EXERCISE DETAILS — Note on the material below: return exactly the lines from the line that holds "Take control of" through the line that holds "New help center icons", and leave out each picture.

-- ENTRIES SUPPLIED follows --

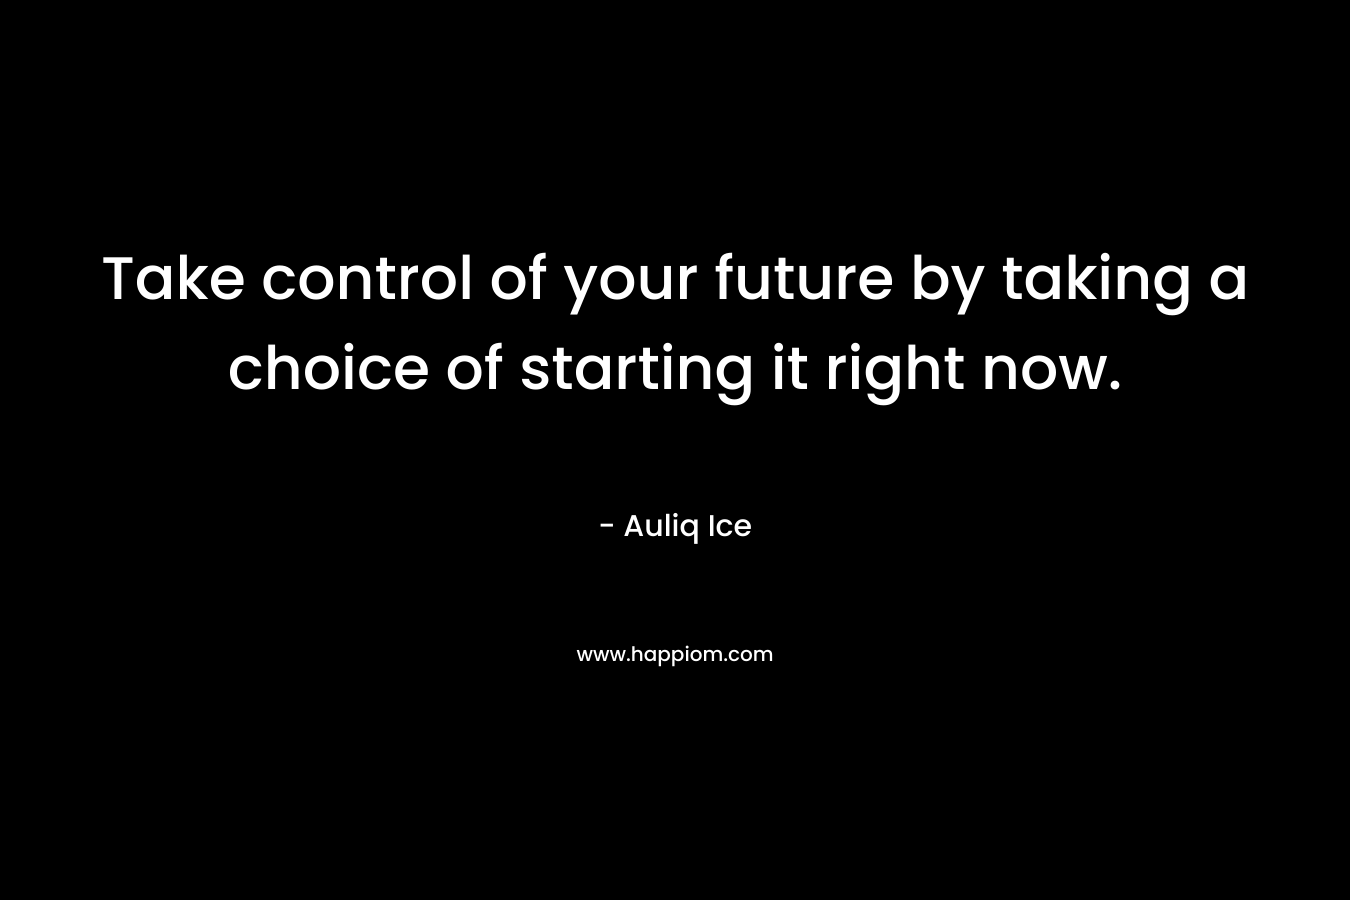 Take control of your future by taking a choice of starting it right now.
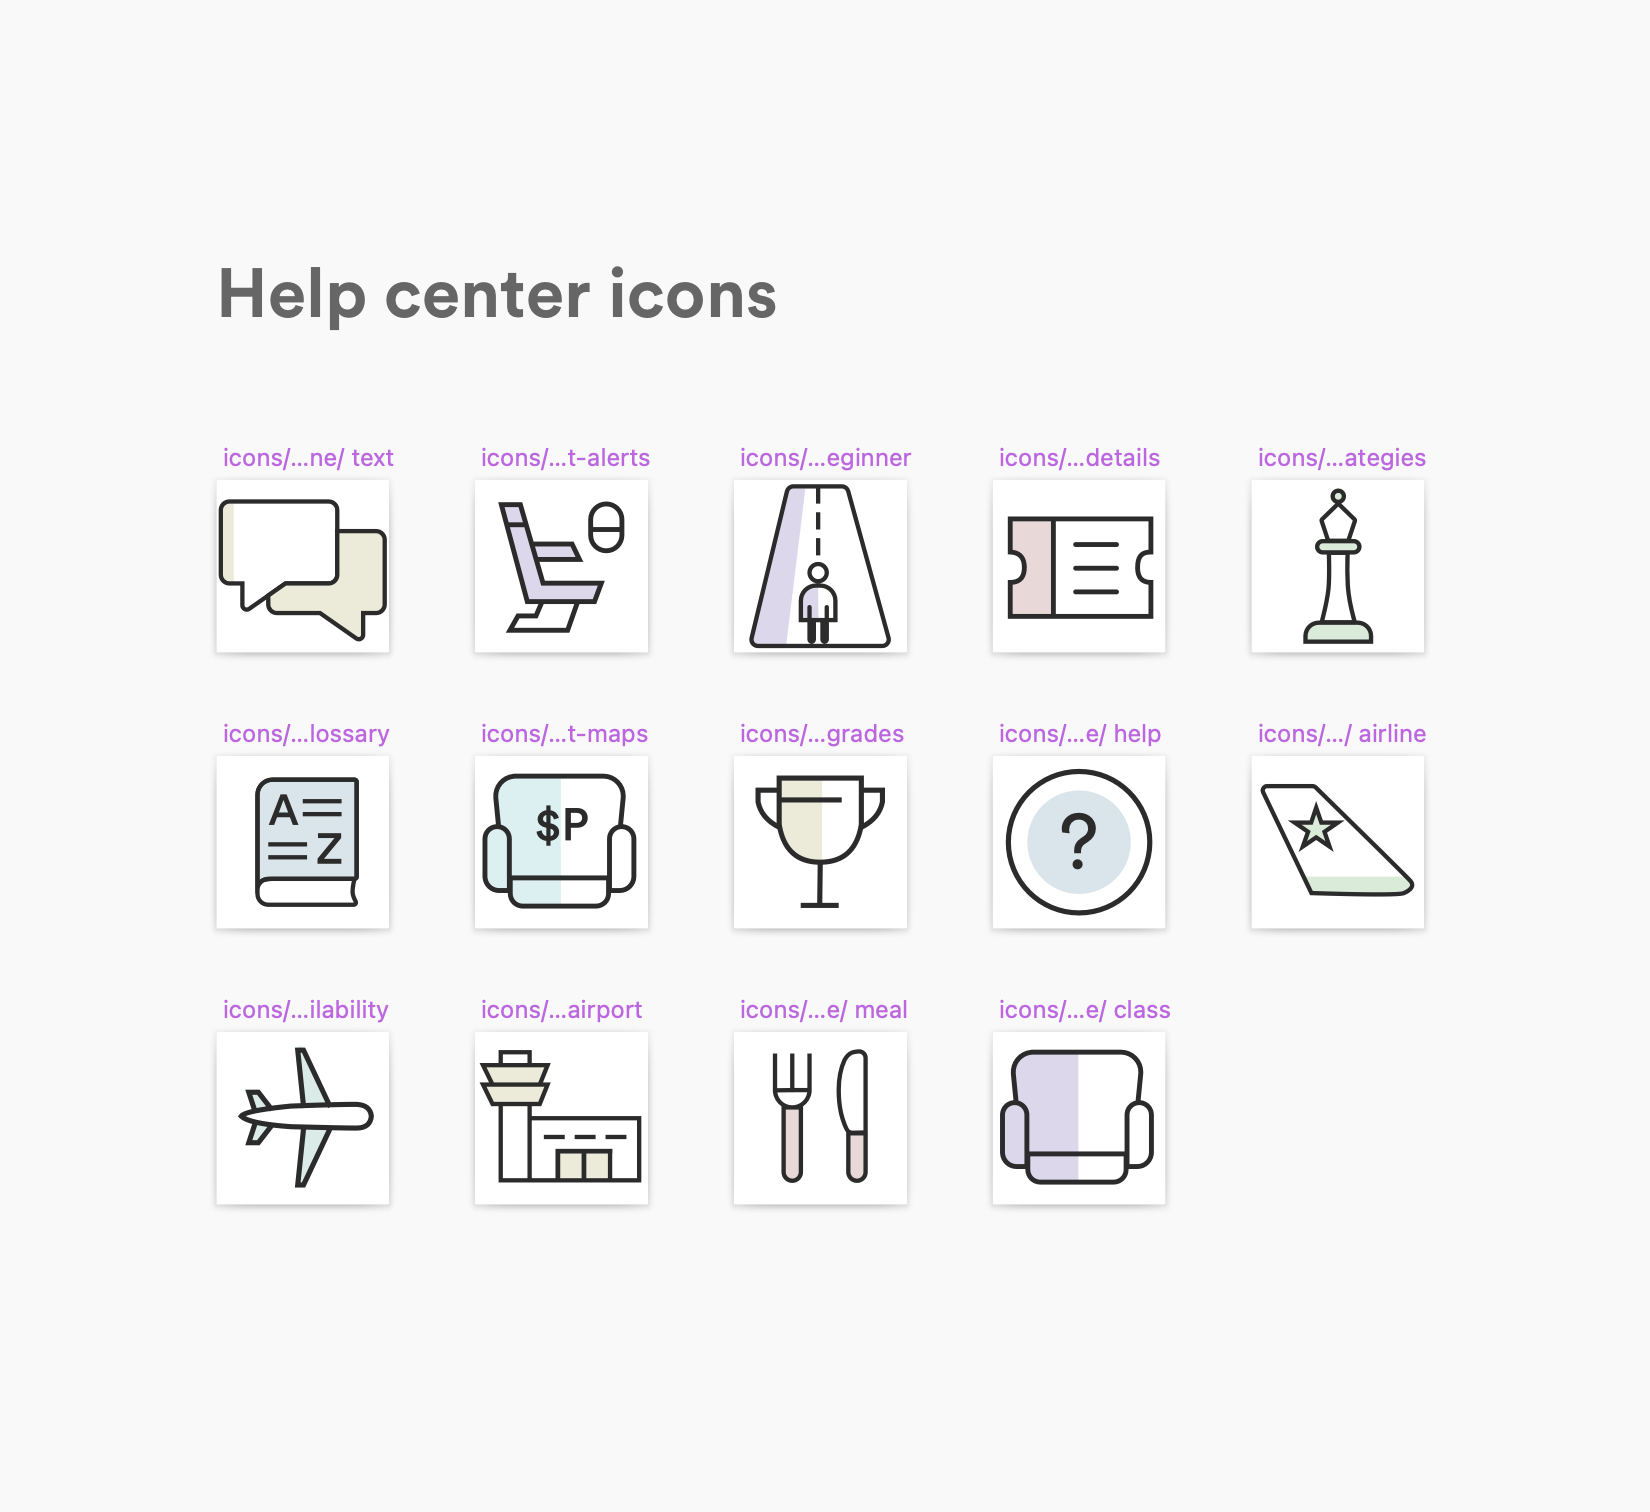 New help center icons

-- ENTRIES SUPPLIED concluded --
-- ENTRIES SUPPLIED follows --

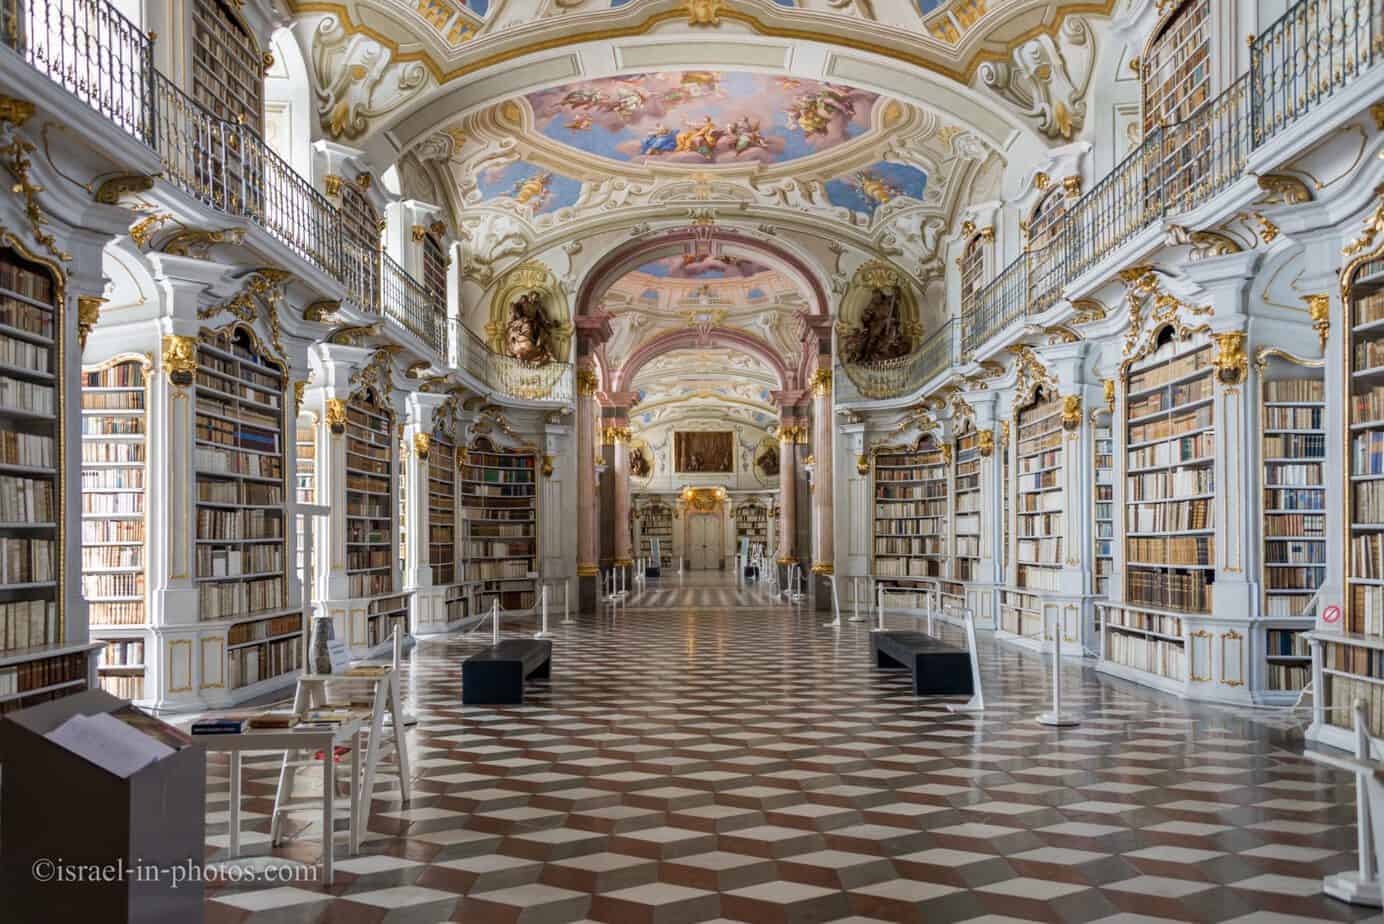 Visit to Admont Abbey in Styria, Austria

-- ENTRIES SUPPLIED concluded --

RESULT OF THE EXERCISE —
 Take control of your future by taking a choice of starting it right now.
 New help center icons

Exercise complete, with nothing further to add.